Data:
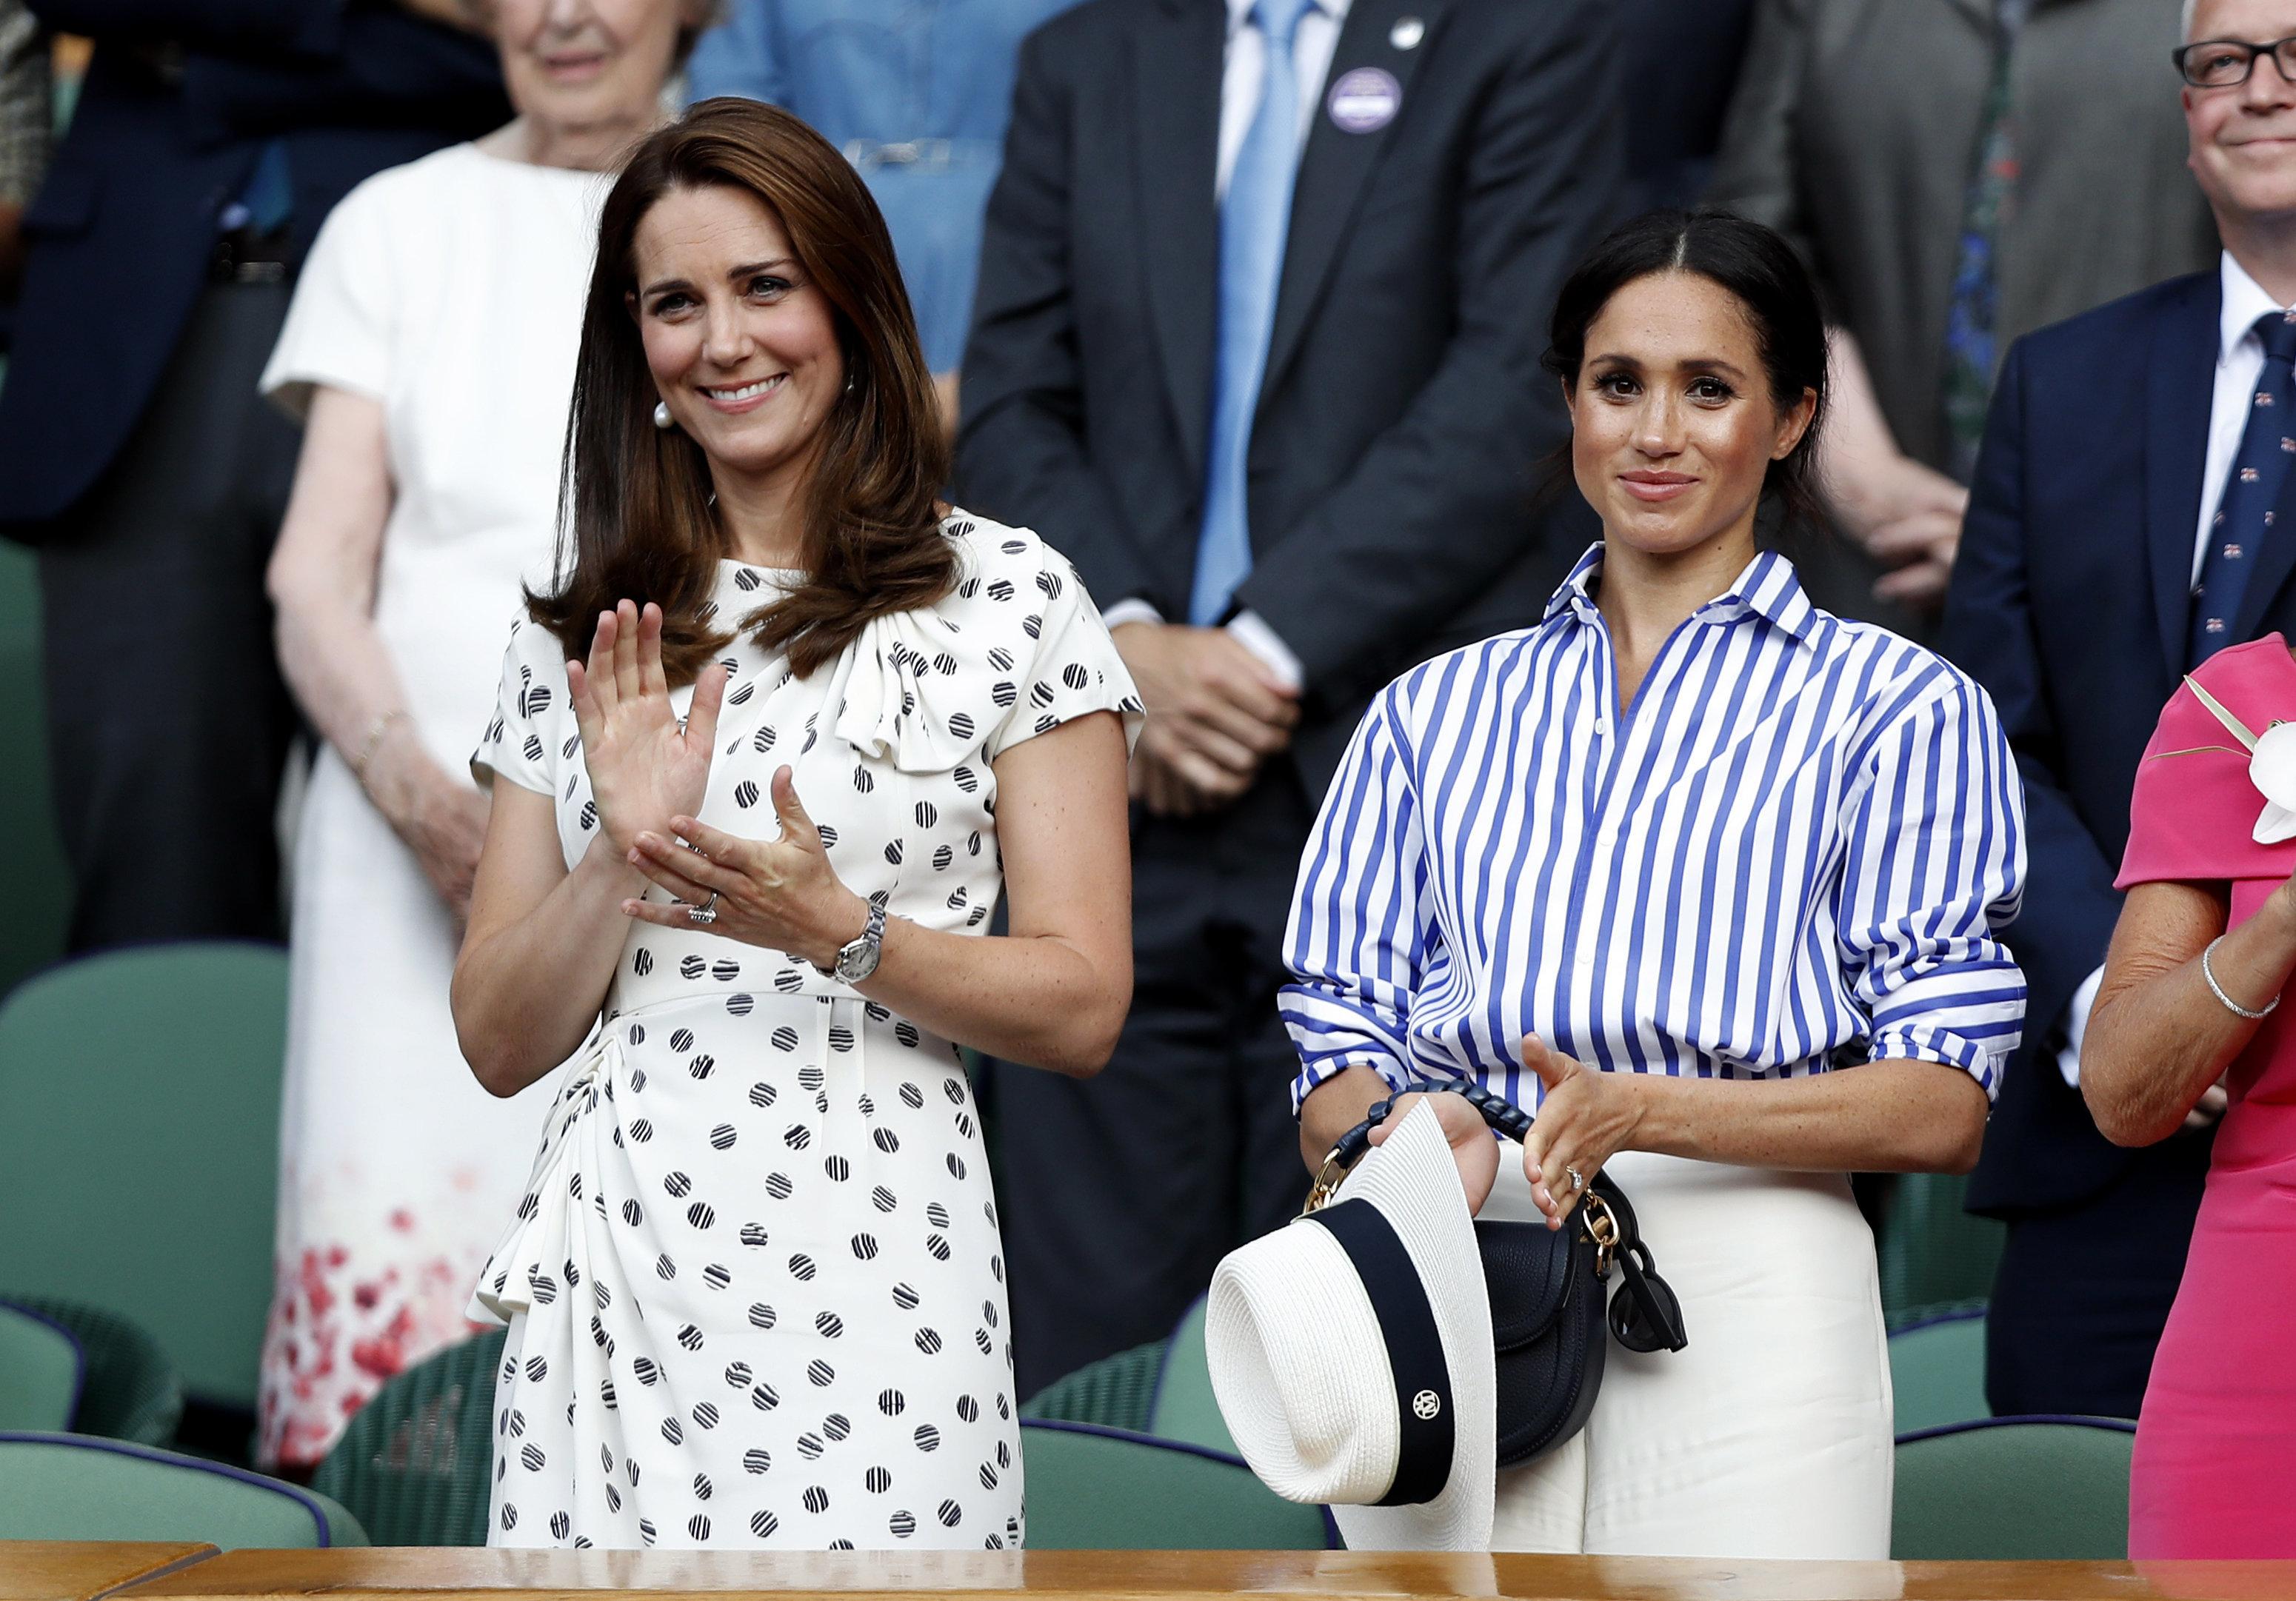 Herzogin Meghan besucht Wimbledon: Kritiker machen sich über ihr Outfit
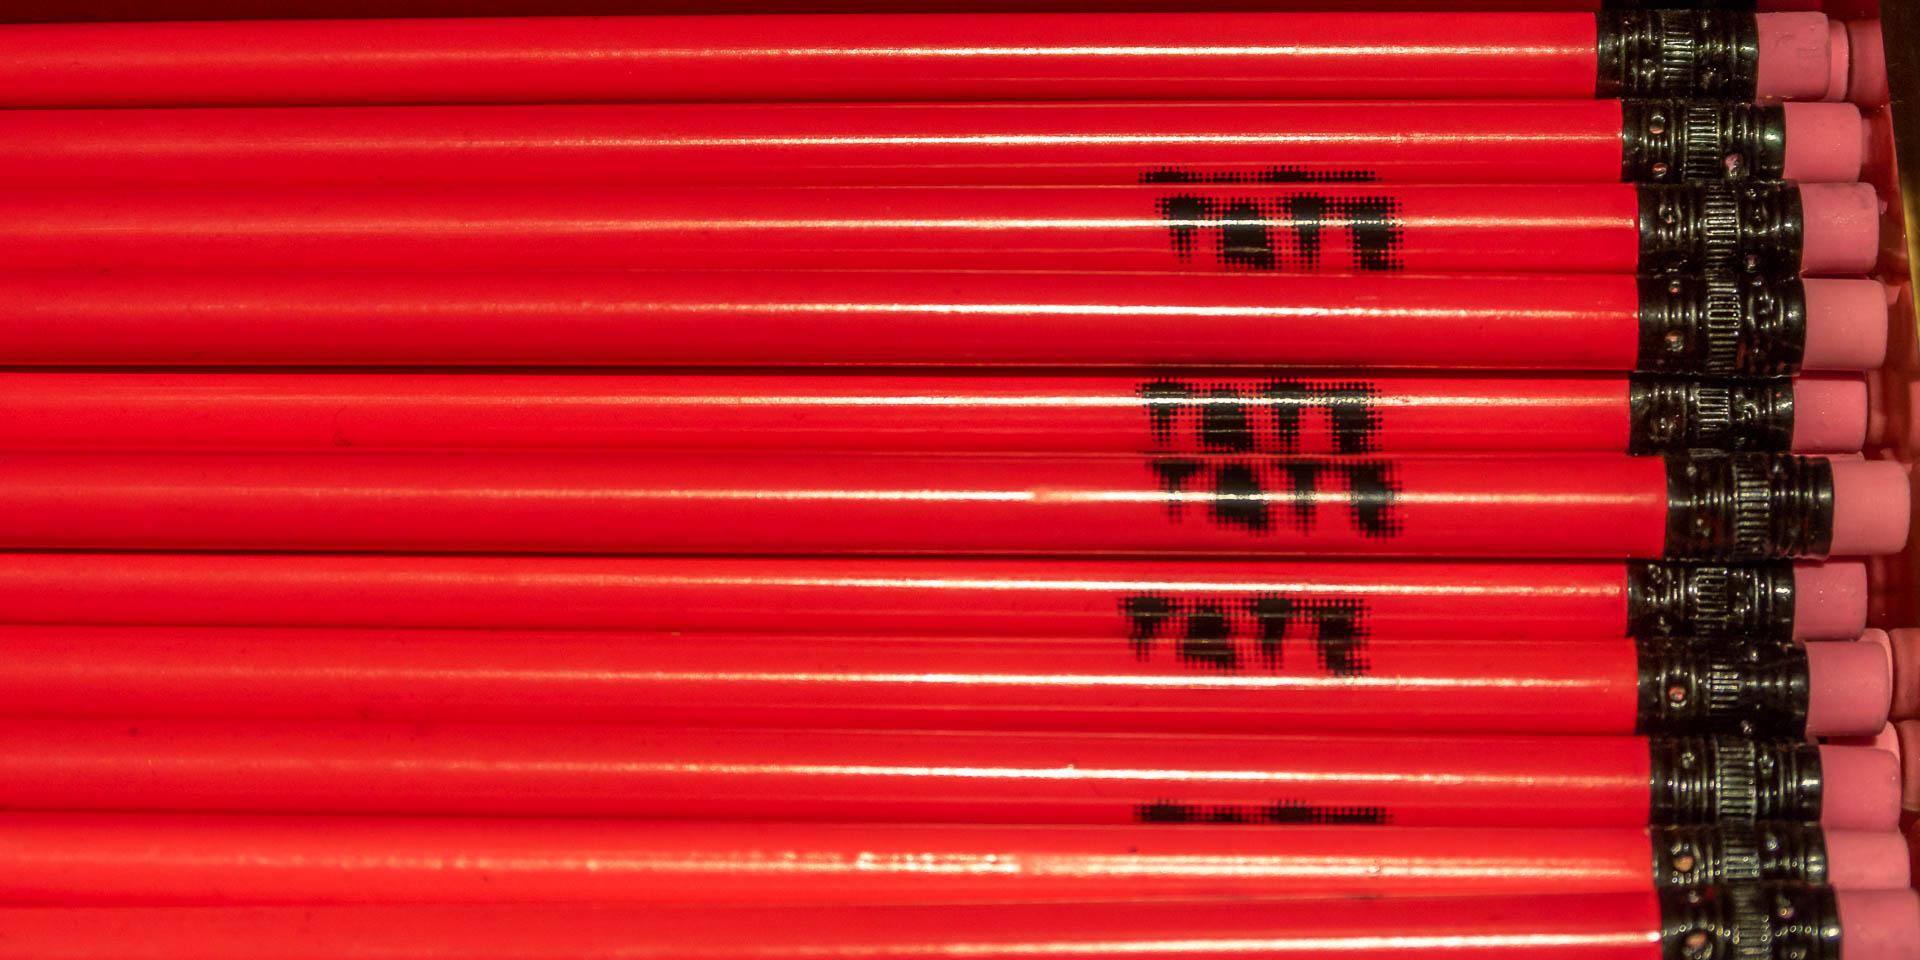 My visit to Tate Modern
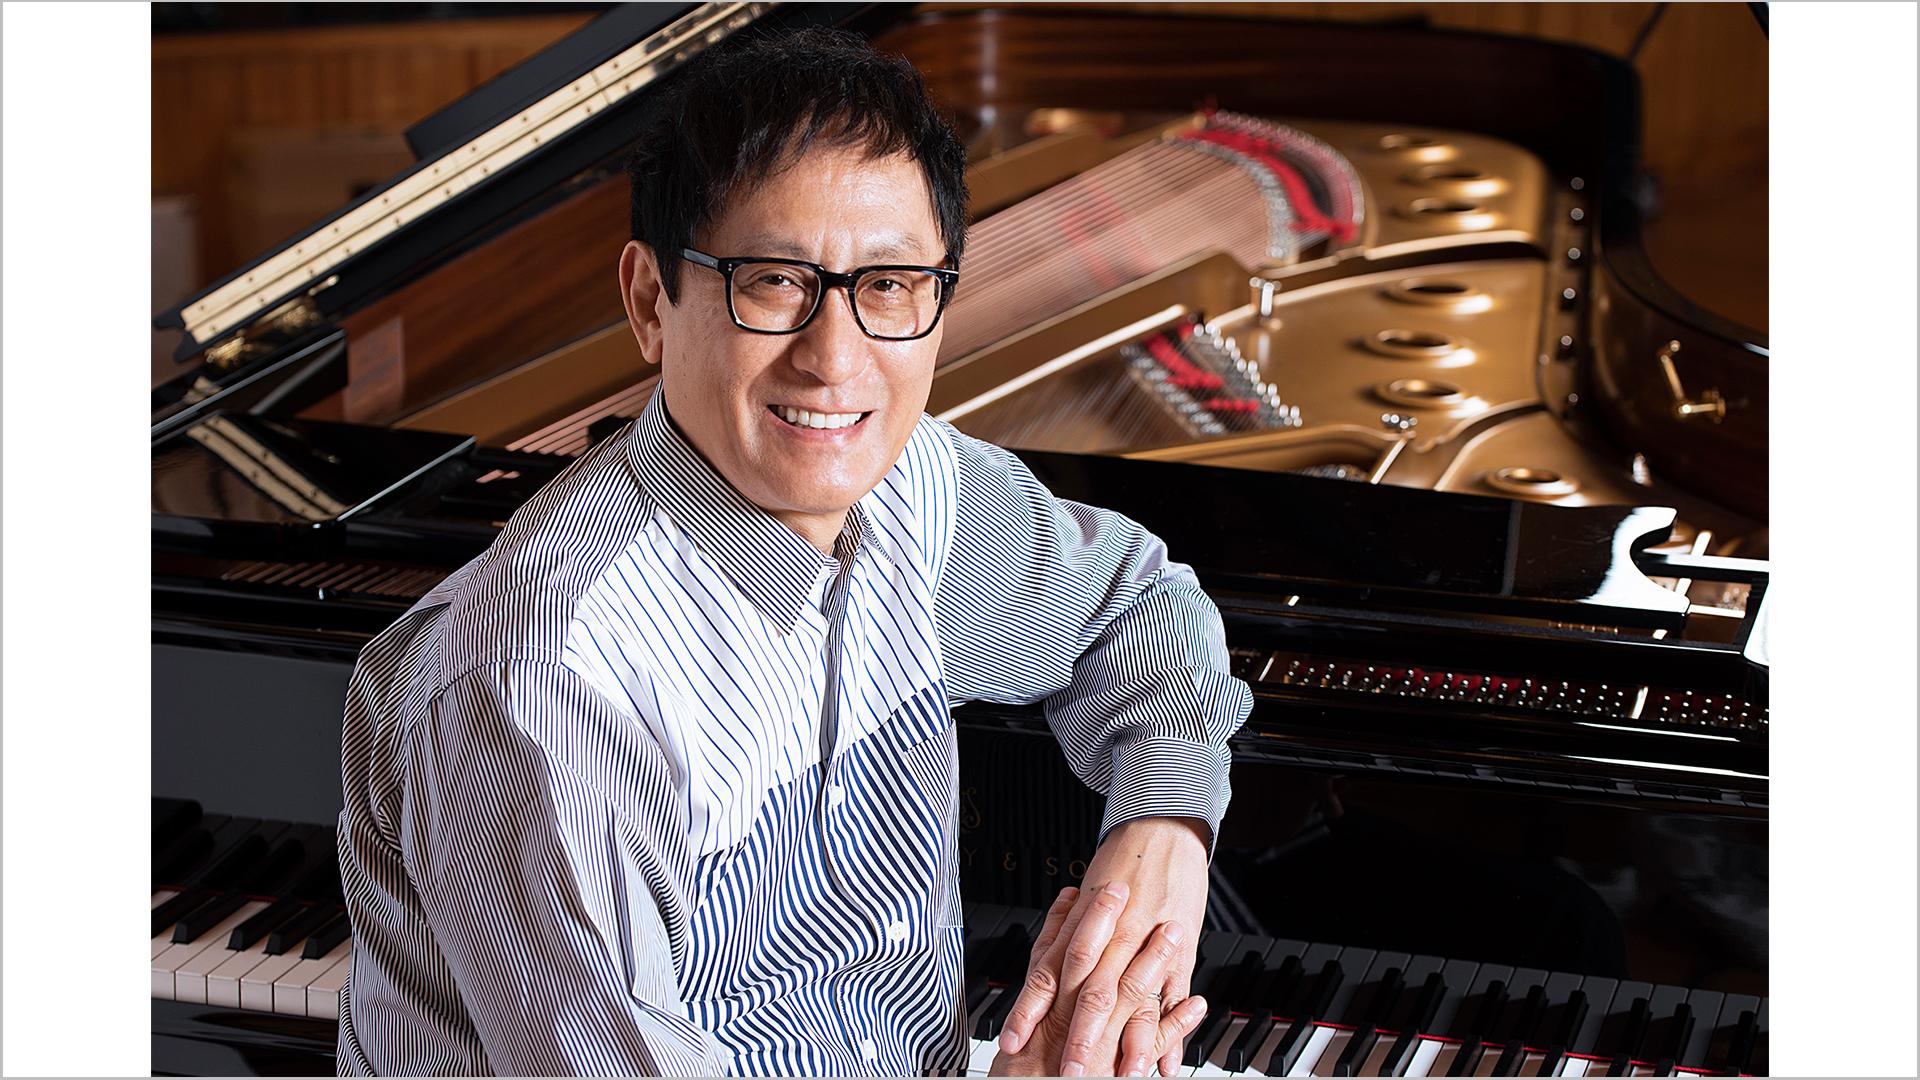 『僕らの音楽』presents 武部聡志 ピアノデイズ 前篇

Exercise aim: An exact transcription of the listing is required, and it must contain no pictures.

Written response:
 Herzogin Meghan besucht Wimbledon: Kritiker machen sich über ihr Outfit
 My visit to Tate Modern
 『僕らの音楽』presents 武部聡志 ピアノデイズ 前篇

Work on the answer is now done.